Saturday, January 21, 2012

Another Sleepless Night

I haven't posted in some time and perhaps my exhaustion or delirium is compelling me to type. Tim was on call last night and no matter how many years or overnight calls pile up, I am never ready for sleeping alone. I do enjoy the extra space, Tim can attest I like my space! However, it just feels strange crawling into bed with Bella plopped perfectly on the floor in her grand bed and Max snug tight sleeping soundly in his room, but here I am alone with no one to kiss goodnight. Falling to sleep comes pretty easily, but when I wake an hour or so into my slumber and hear that Max is resting quietly, Bella is roused by nothing - I still have this sense that I should stay awake to watch over the house. We have an alarm system, I stare at it more than once to make sure I see the red light indicating I did activate it correctly but this gives me little comfort. I am confident in the alarm system but my worries of the world, for our families, for our lives seem endless. I admit always having a little trouble sleeping, I would never denote professional sleeper beside my name, but since Max the trouble is a real epidemic especially when I am alone.

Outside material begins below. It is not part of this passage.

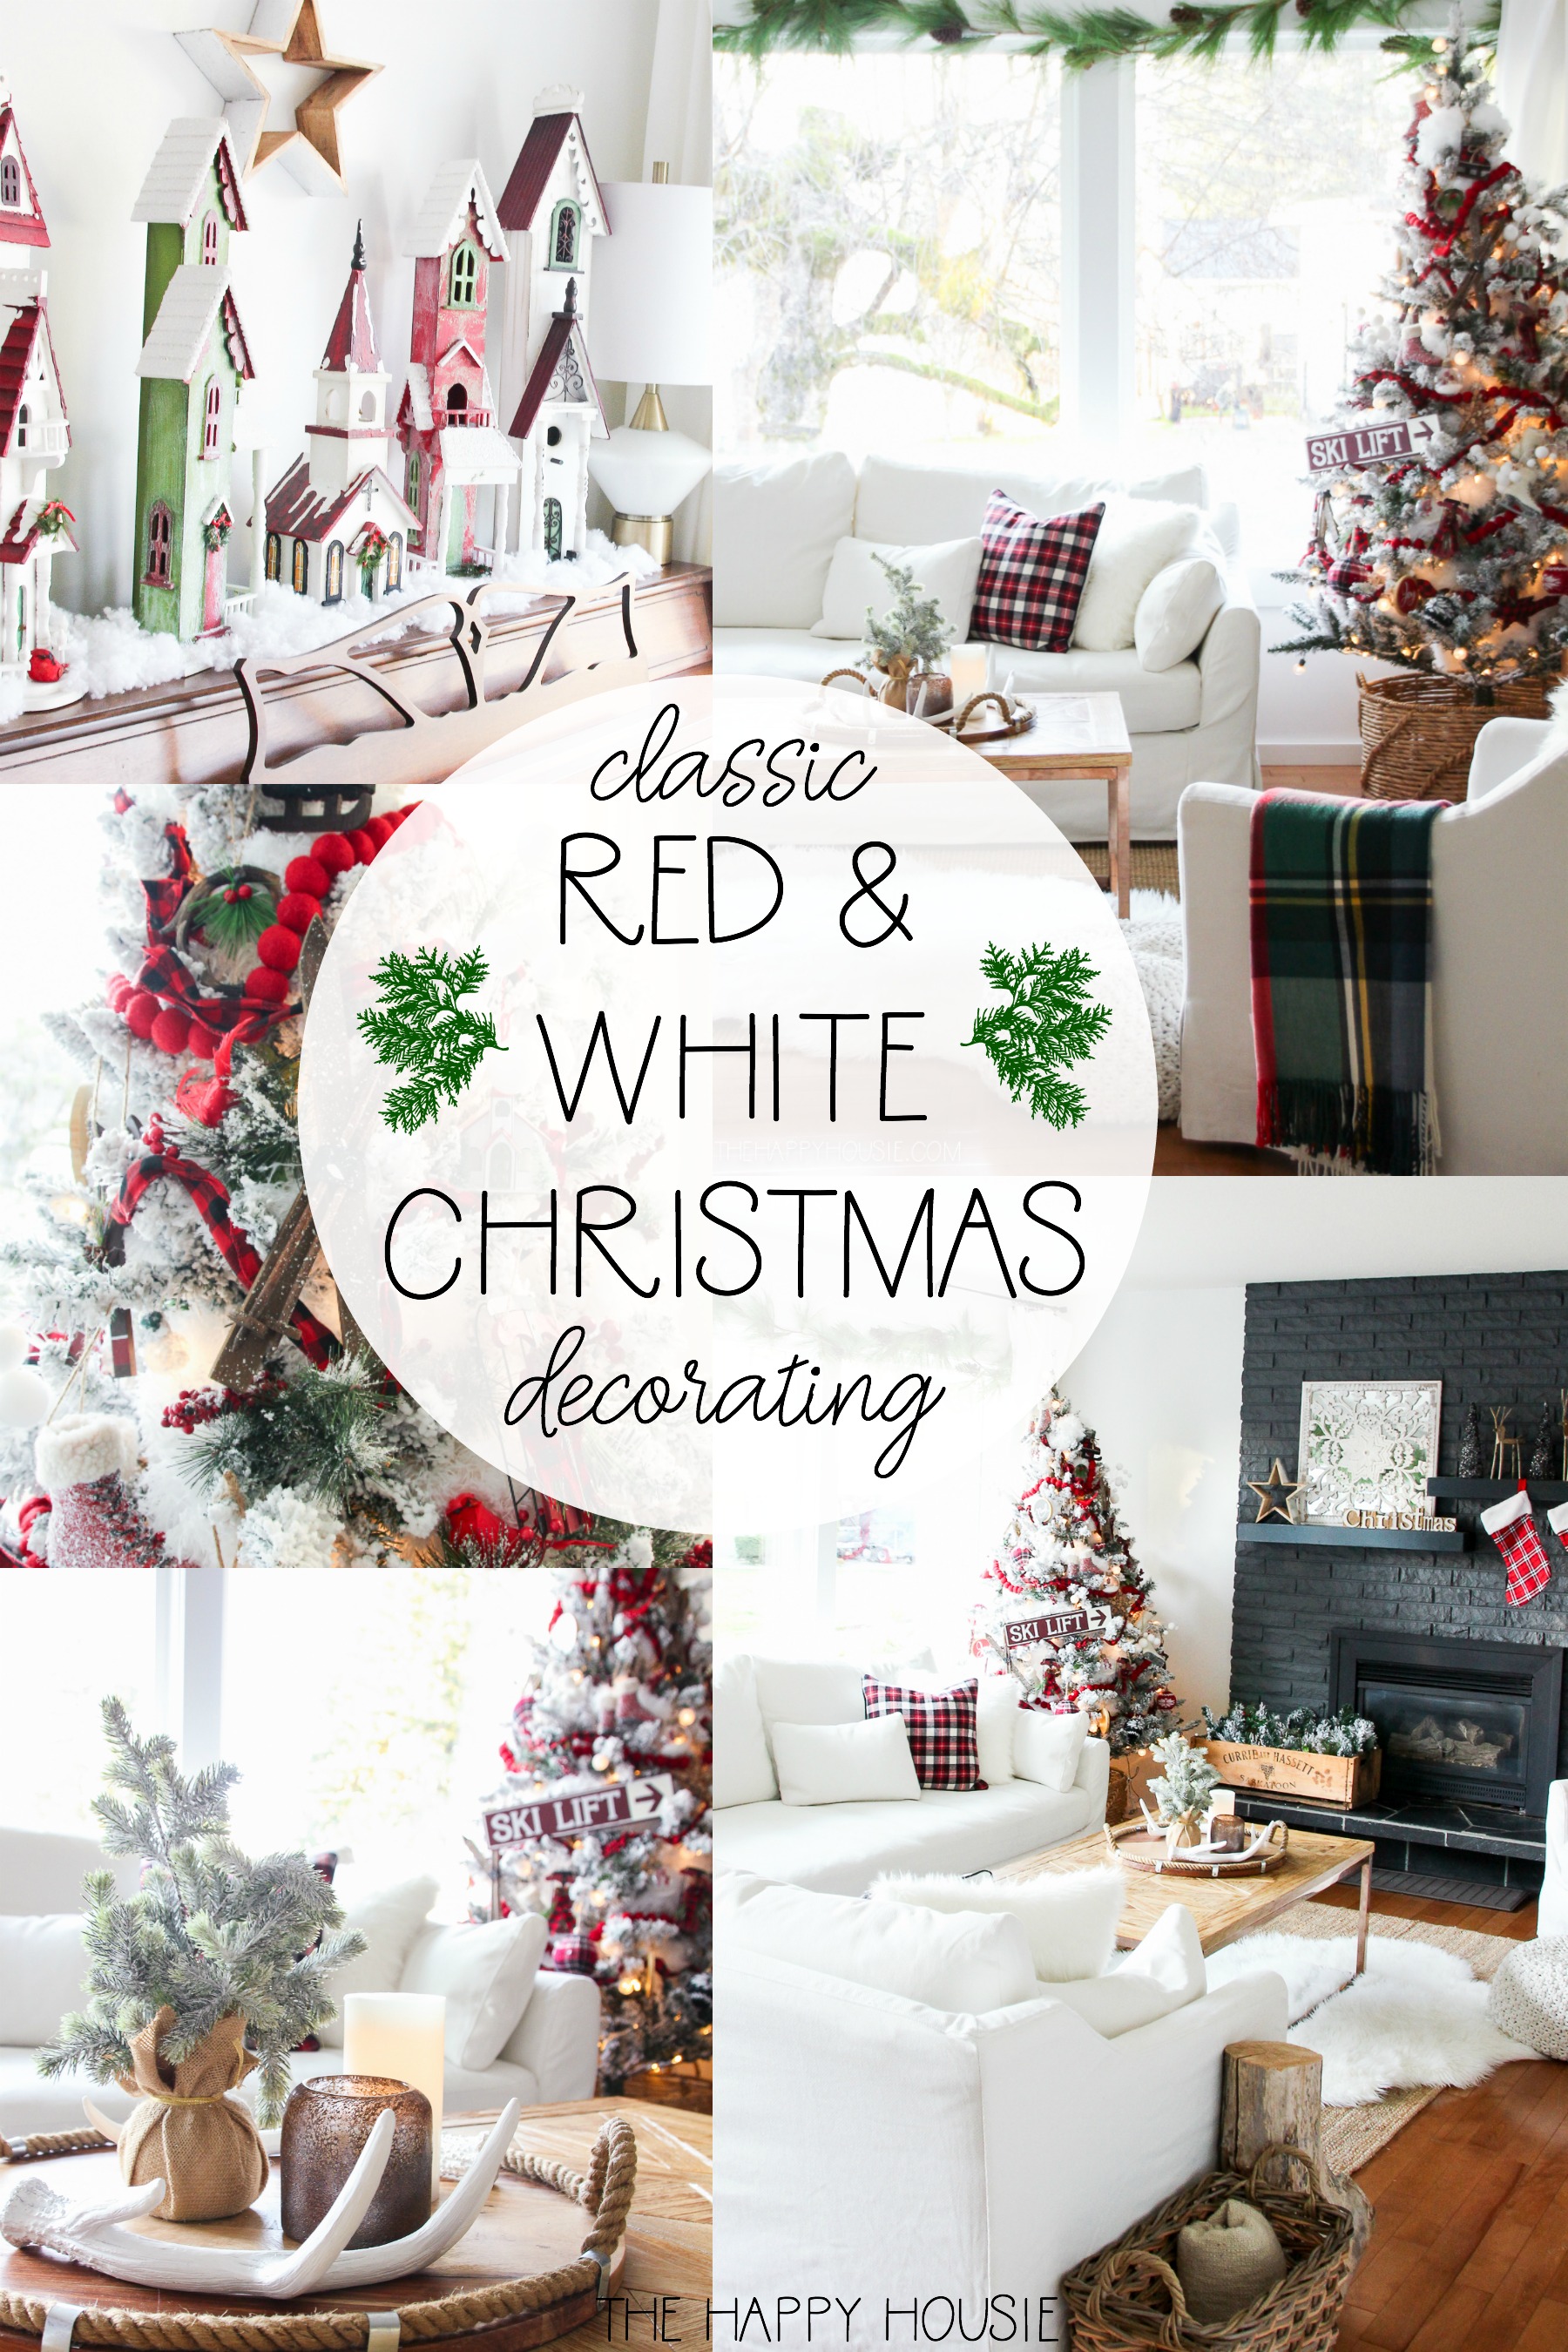 Red & White Christmas Decorating & New Living Room Tour | The ...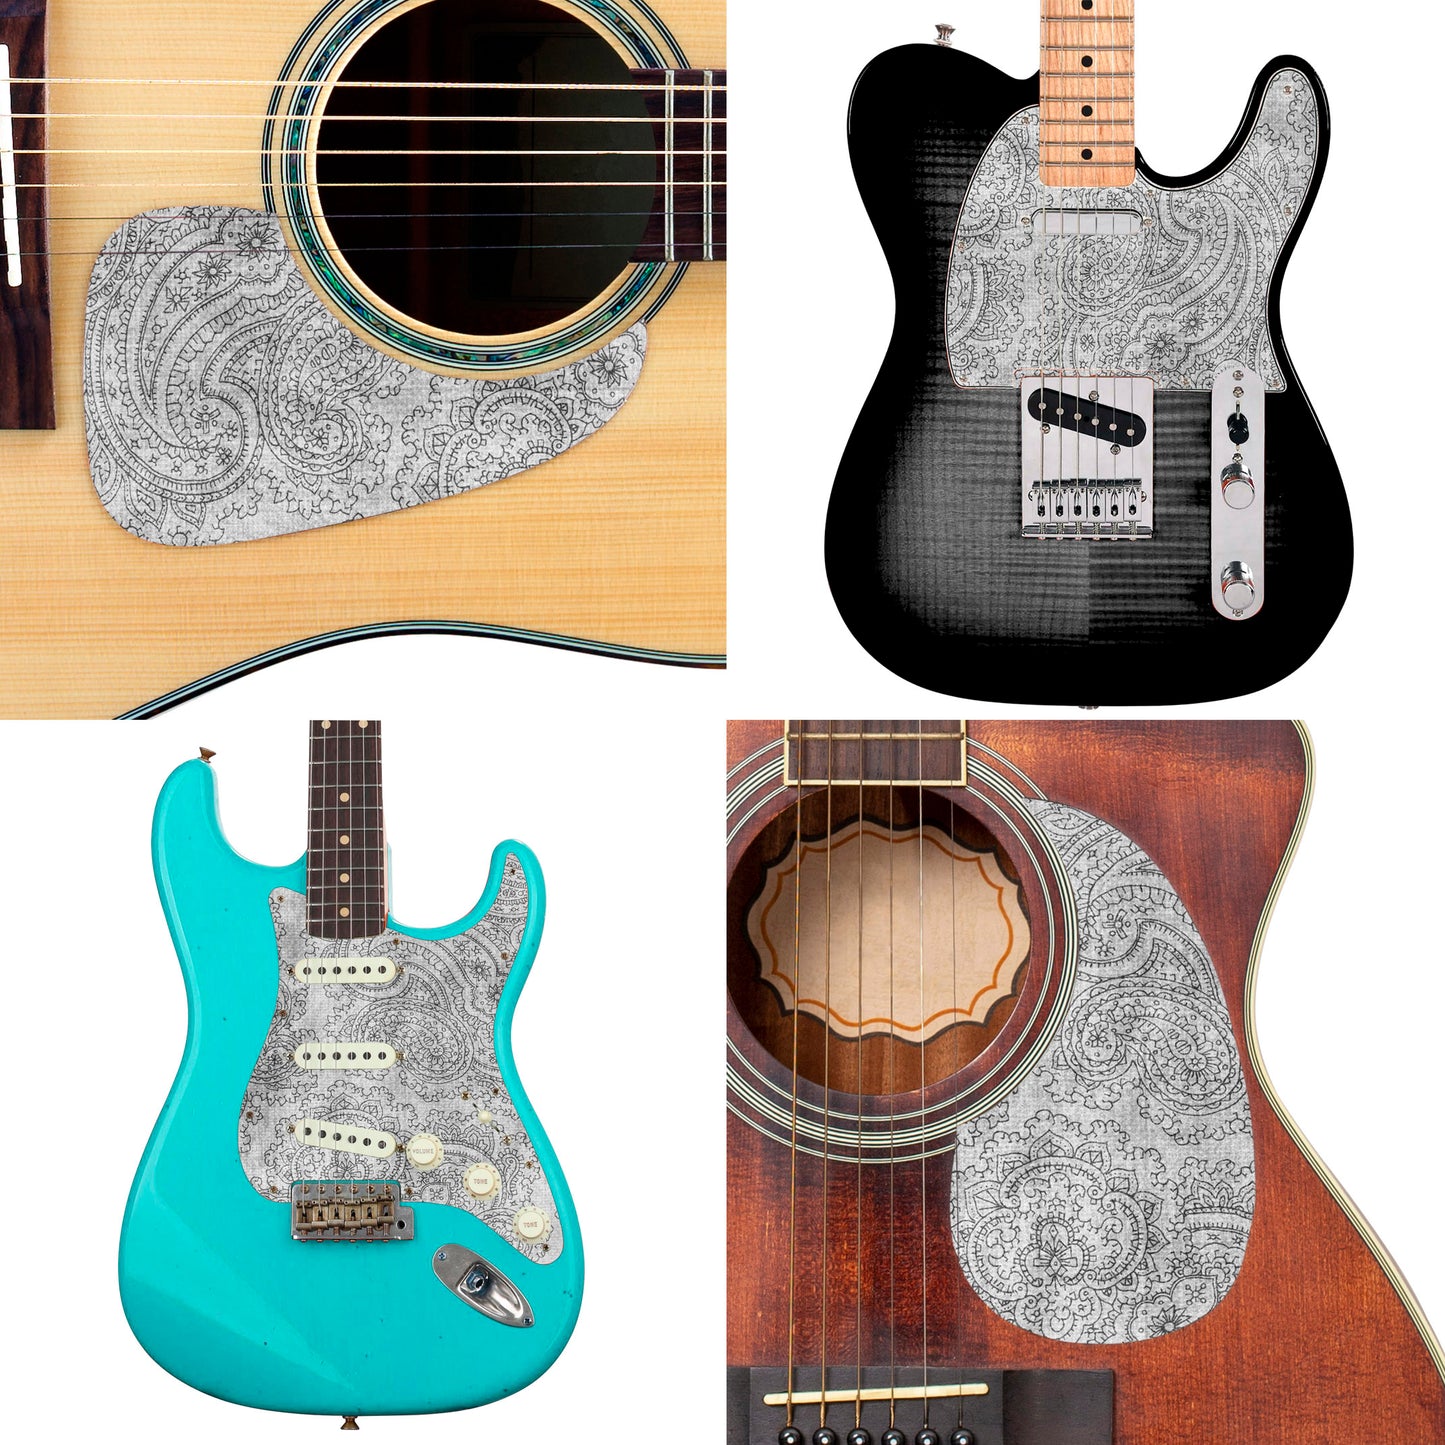 Guitar Custom PickGuard Sticker Skins. Customise your own existing Pickguard, Headstock, Tremolo Cover plate. The Paisleys PK06

We parents worry over everything, we apologize over everything -- ok at least this parent does. I try to rest my eyes, as my grandmother calls it, and hope that the simple act of resting my body will at least get me through the next day but my mind is racing. Literally racing up and down the days and months ahead. A series of questions and scenarios run together, trying to share the same lane on the track. Here is just a sample:
- How will Max take to potty training? Should we start more rigorous attempt at 2 1/2 months and that would be in ......April I guess. Hmm...
- Does Bella need to go to the vet? Her ears are better but allergies or something seems to be making her skin angry especially that spot on her jaw. Poor dog, she is falling apart.
- Is tomorrow when we said we would try to put up different frames in our bedroom? Or maybe that was for Sunday?
- Probably should plan on cooking ahead next weekend for the grandma's to be here when we go to Cabo, if we don't do it next weekend it won't get done. I wonder if that meal plan place like one in Madison is around the burbs out here anywhere? That wasn't great food but some options. I should write the Chinese take out number down for my mom, she will go pick it up - they would eat that.
- Maybe I should switch sides that might help me sleep or count my blessings instead of sheep, that's the song Bing sang in White Christmas right? Yes, counting blessings that would be good. Or I could sing in my head the Lord's Prayer, I have heard my mom sing it plenty of times or am I remembering someone else singing it?
- I need to remember and text Ashly tomorrow so we can try and Facetime with them, catch up with Josh a bit more. I probably won't remember when tomorrow comes.
So you likely get the idea by now. Do you know what finally helped me fall asleep (at least from 4:30 - 6:00 am)? I suddenly got the feeling that I wasn't alone at all. I am not the only sleepless parent or single person running questions through my head, counting my blessings and losing sleep random nights. Even when we feel so very alone and isolated as often happens in the midst of a Minnesota winter, we have so many right beside us. I had a sudden sense of guilt that my husband, gone for one night, will be back tomorrow but for some the nights of an empty bed are countless, some by choice but many because of military service, second and third shift occupations and those who have lost their loves to the great beyond. Pretty profound stuff among rambling questions of parenthood and life in the middle of the night but it snapped me back into the land of living. And suddenly I recognized a need for calm, to grab hold of sanity in the still of the night while I had the chance. I decided to breathe, to rest one hand on my heart and let go.